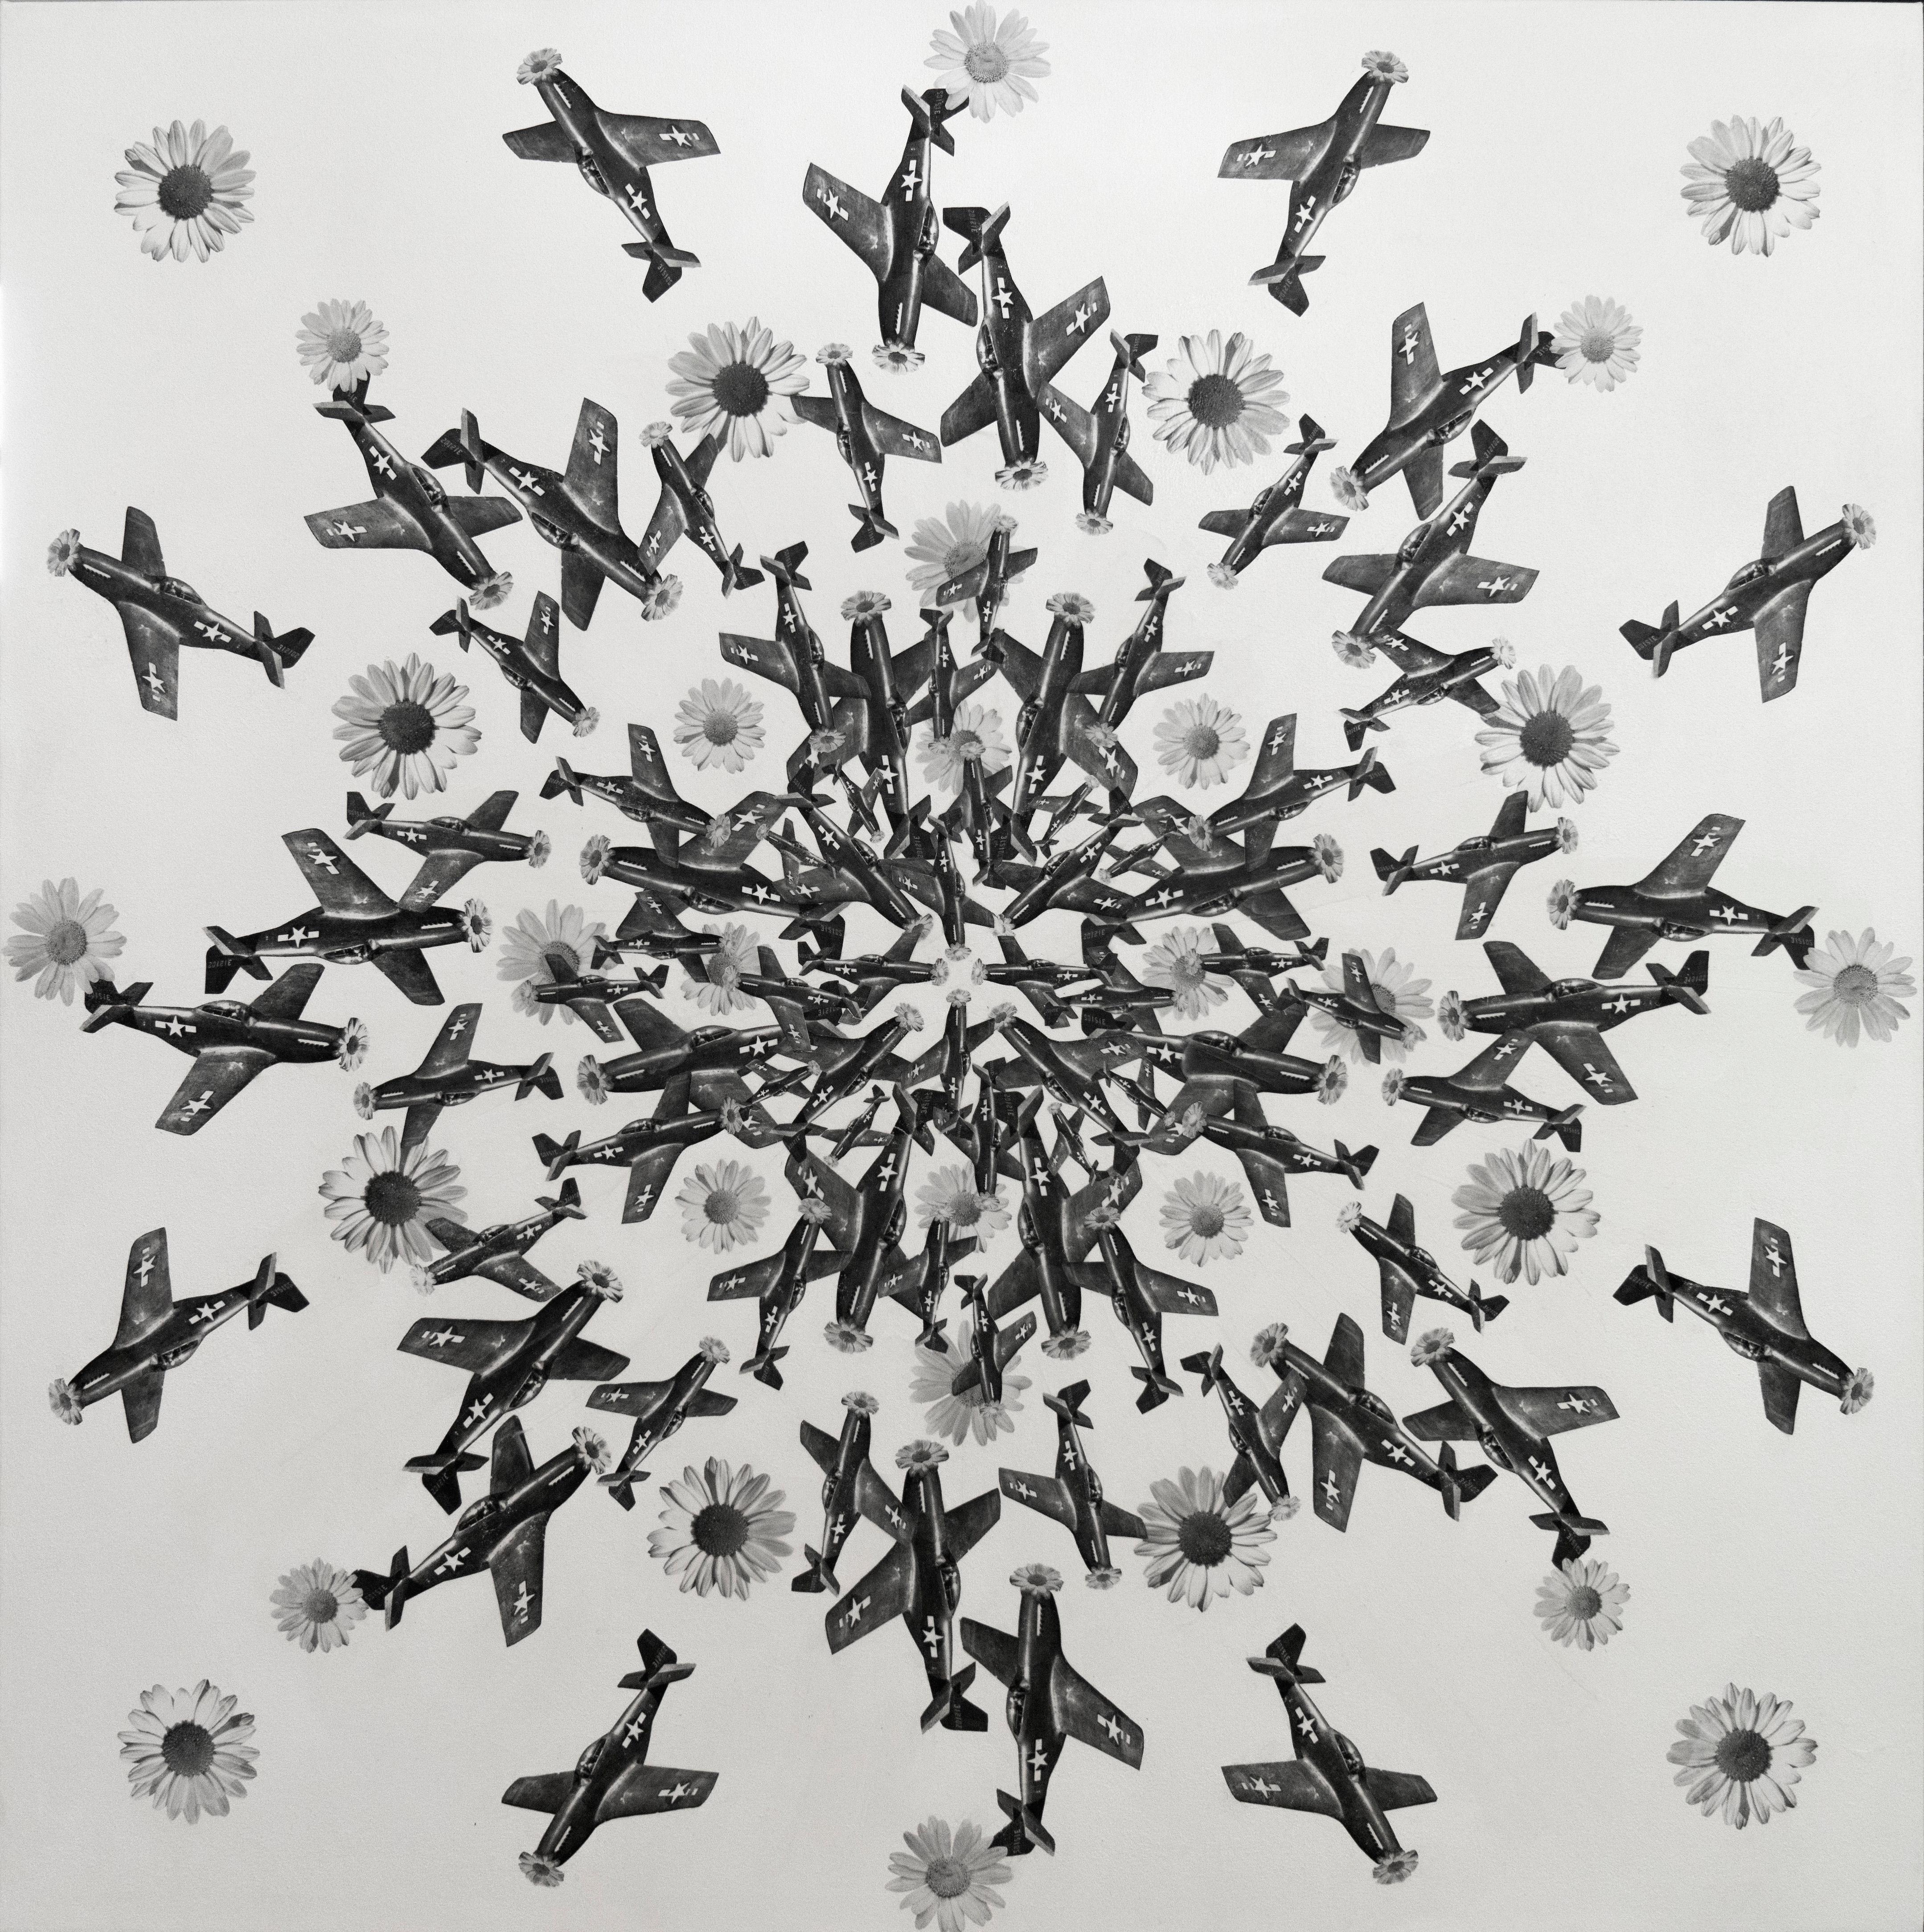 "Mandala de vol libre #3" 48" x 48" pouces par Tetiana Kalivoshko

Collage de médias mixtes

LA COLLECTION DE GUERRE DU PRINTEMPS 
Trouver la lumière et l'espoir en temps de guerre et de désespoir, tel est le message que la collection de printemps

|---|

> Exercise
Restate every line of the listing exactly. Pictures are not part of the copy.

> Solution to the exercise
 "Mandala de vol libre #3" 48" x 48" pouces par Tetiana Kalivoshko

Collage de médias mixtes

LA COLLECTION DE GUERRE DU PRINTEMPS 
Trouver la lumière et l'espoir en temps de guerre et de désespoir, tel est le message que la collection de printemps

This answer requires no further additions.